## AIM OF THE EXERCISE
Could you repeat the listing exactly, leaving out the pictures?

++++ SUPPLIED INFORMATION ++++

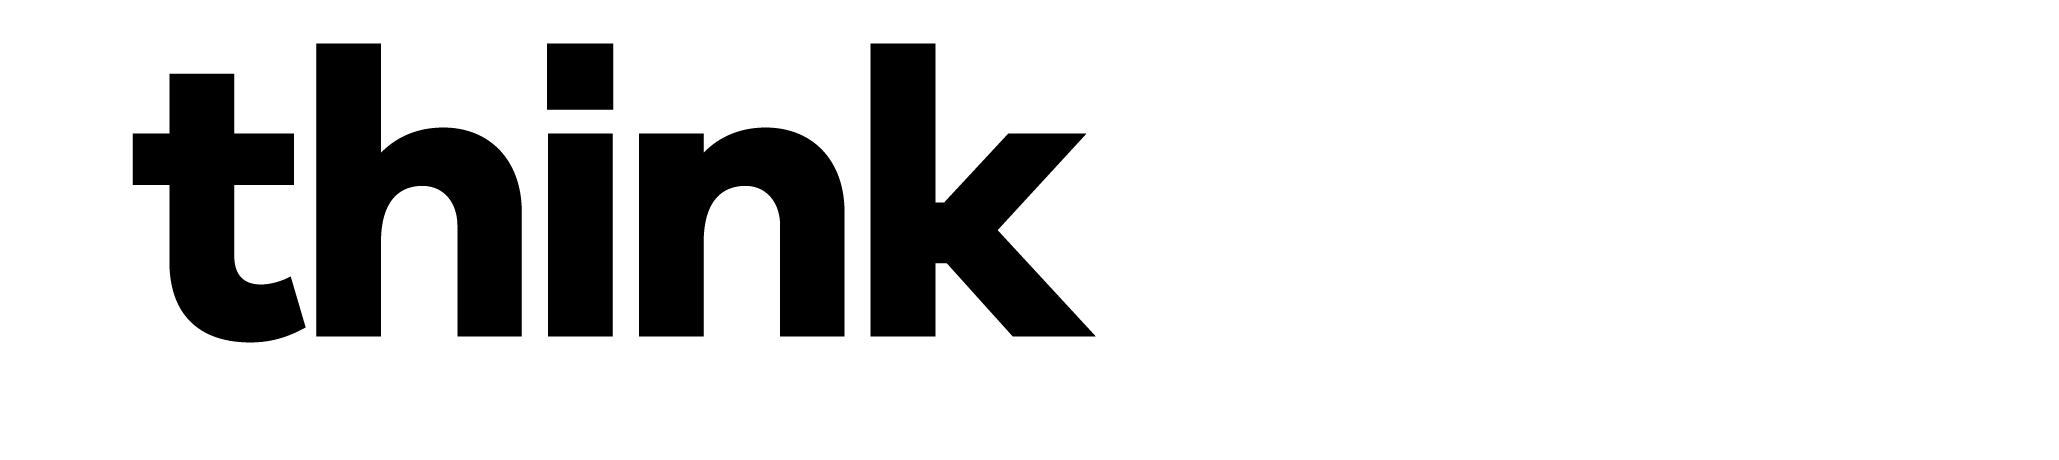 Think Tank logo reverse RGB
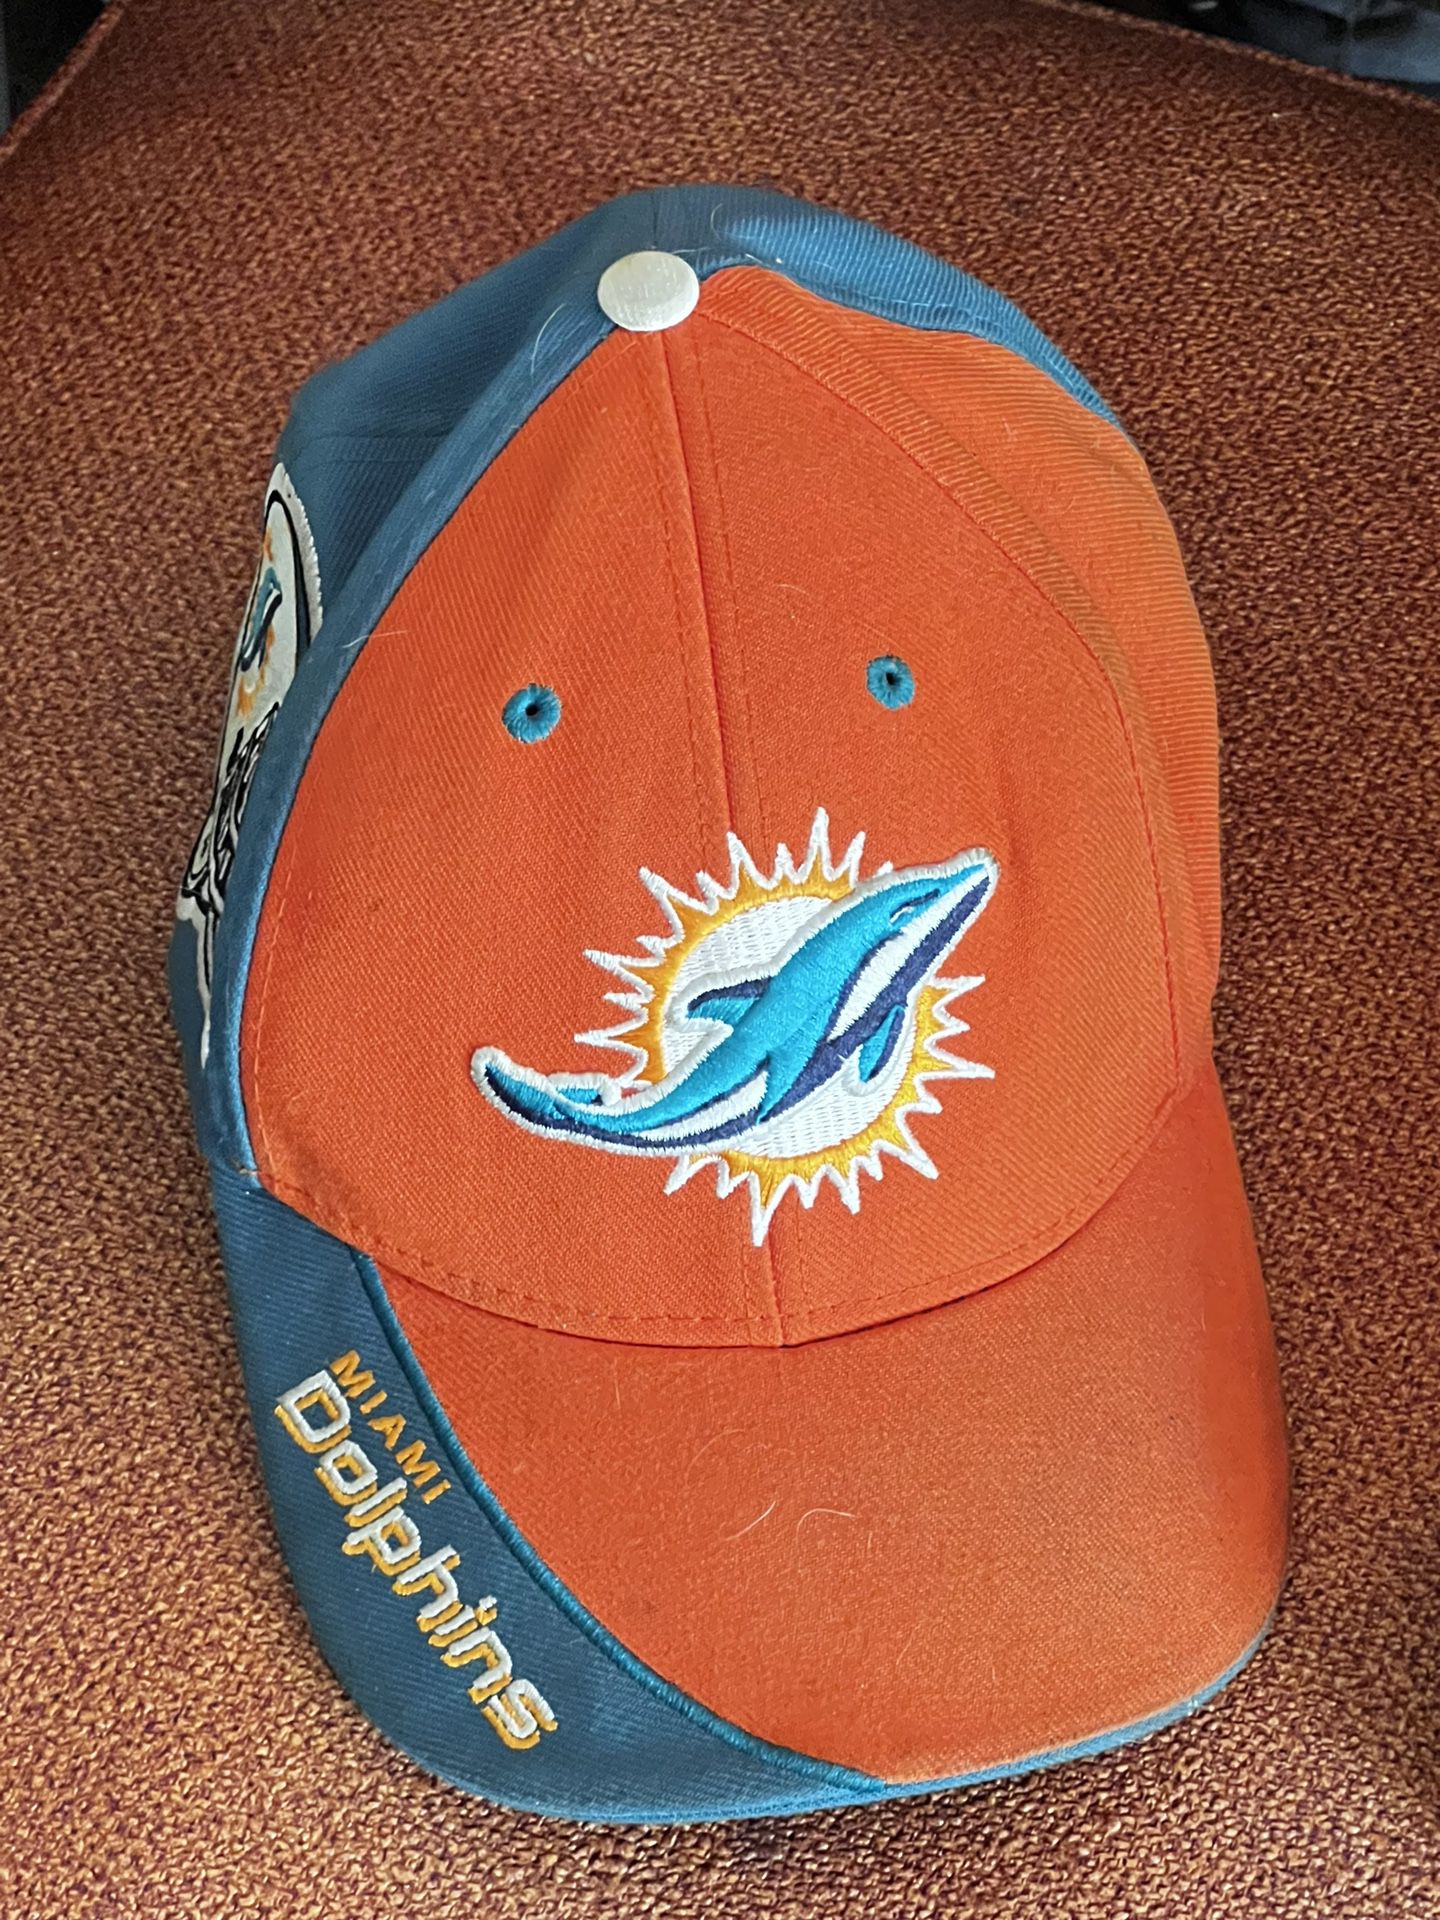 Miami Dolphins Hat
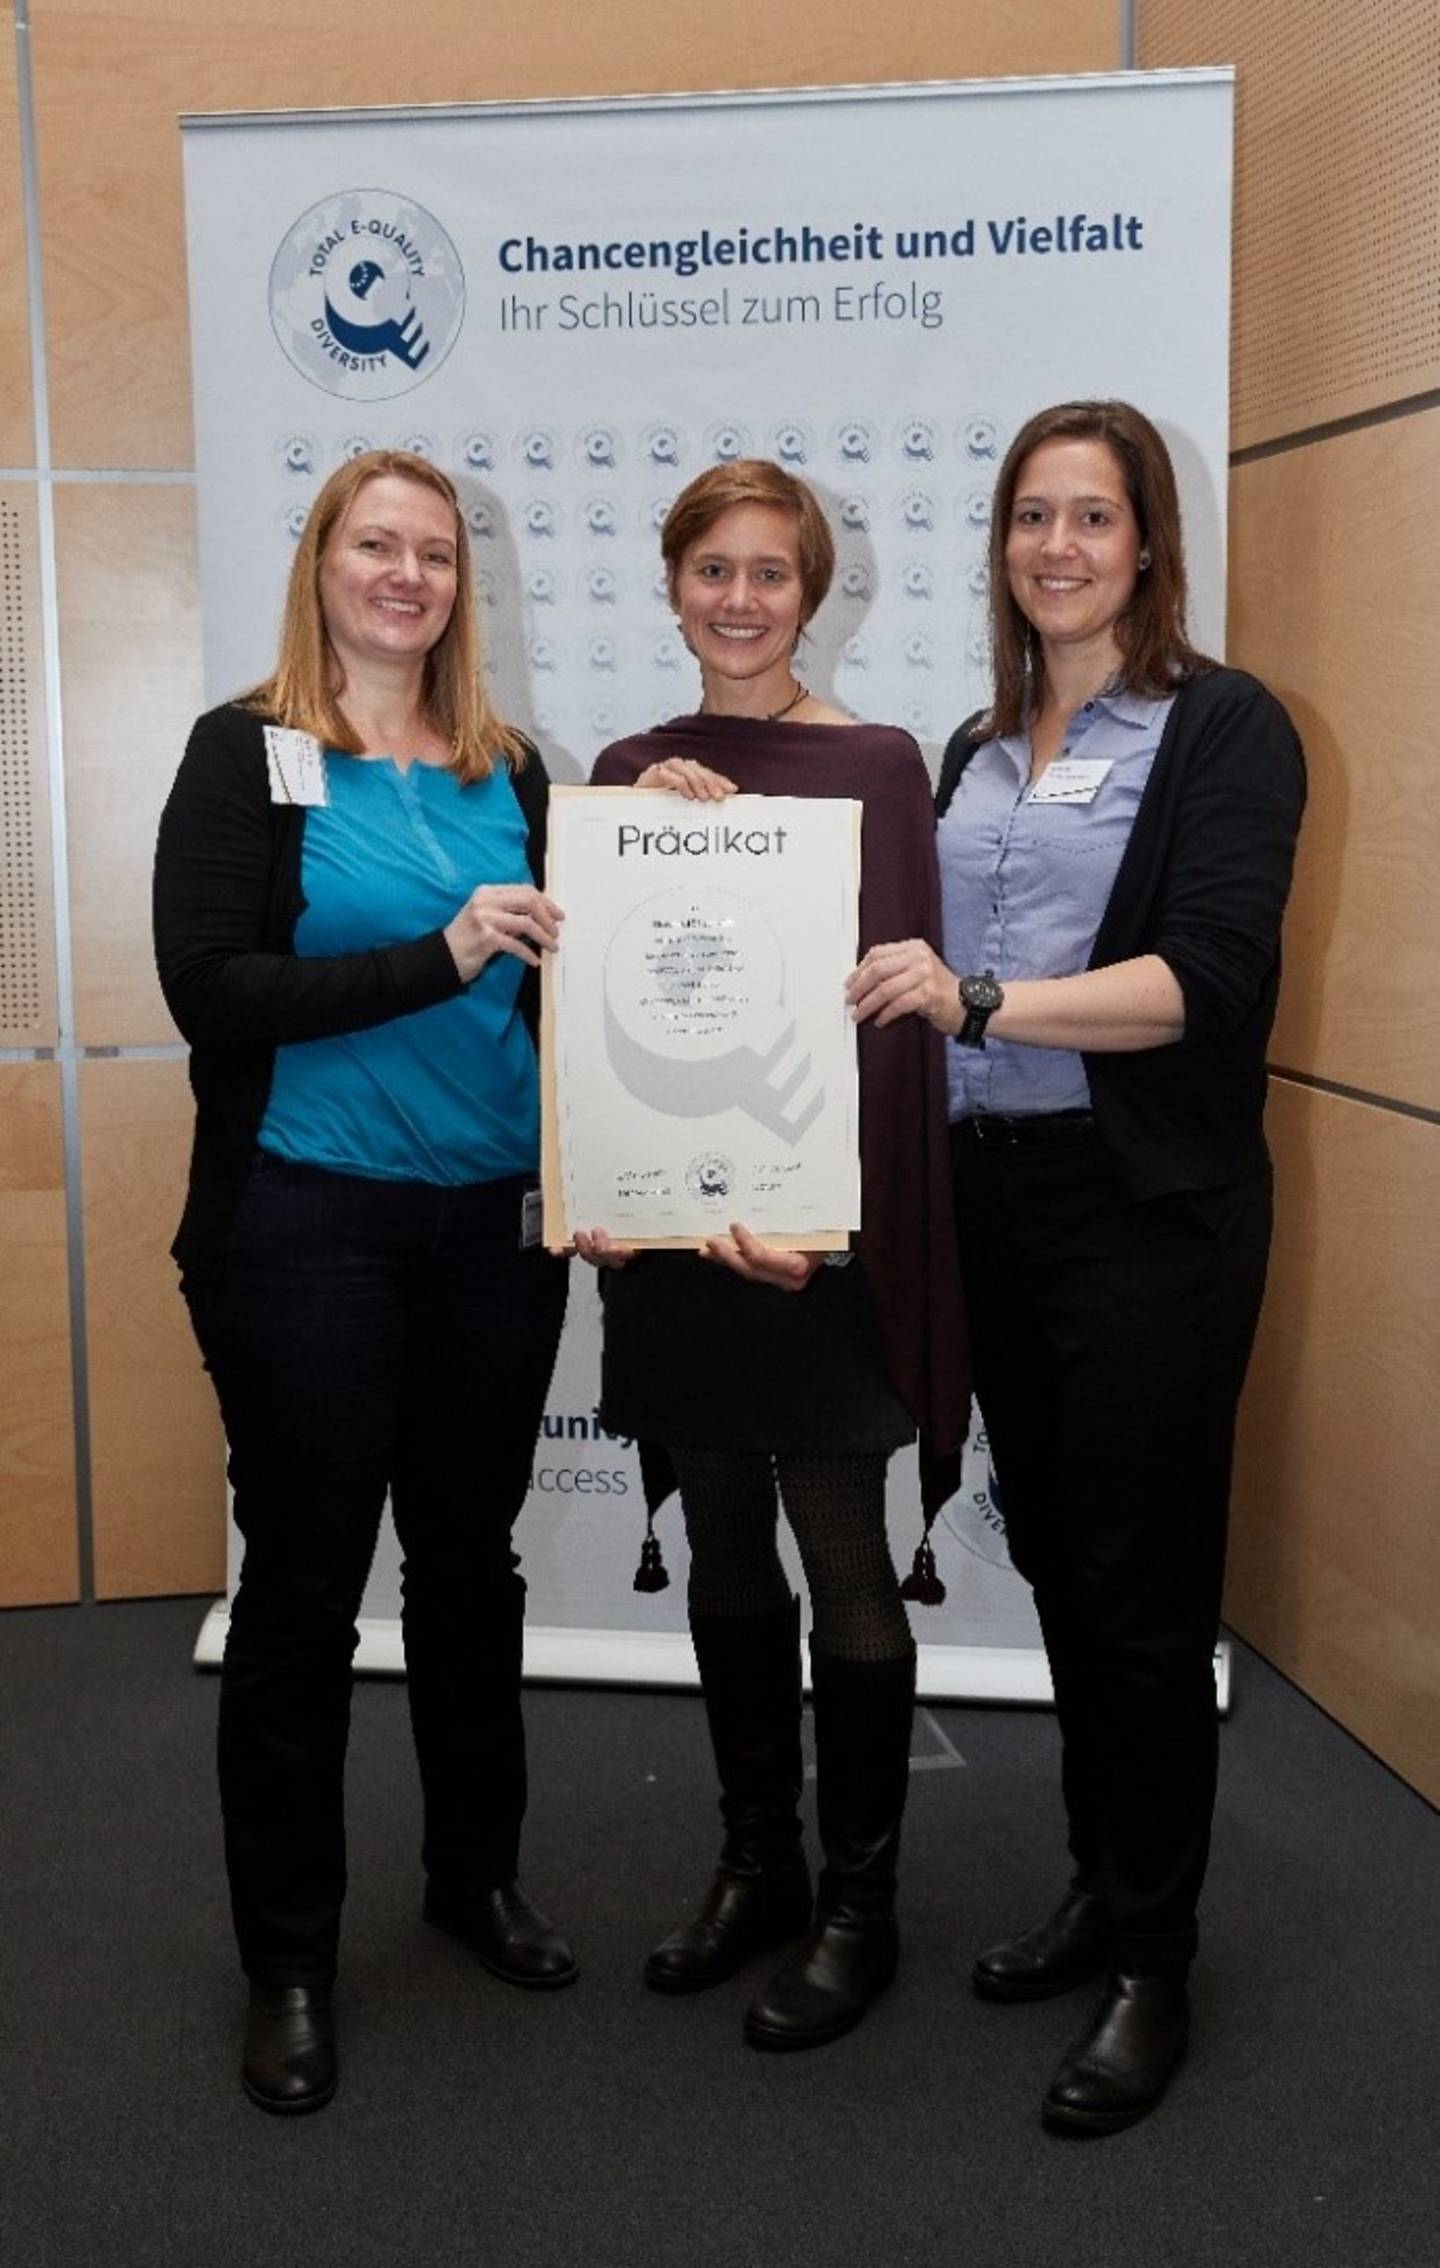 Daniela Steffes, Dr.' Britt Dahmen, Anne Haffke (Department Gender & Diversity Management) at the award of the Total E-Quality award in Stuttgart

++++

## YOUR SOLUTION
 Think Tank logo reverse RGB
 Miami Dolphins Hat
 Daniela Steffes, Dr.' Britt Dahmen, Anne Haffke (Department Gender & Diversity Management) at the award of the Total E-Quality award in Stuttgart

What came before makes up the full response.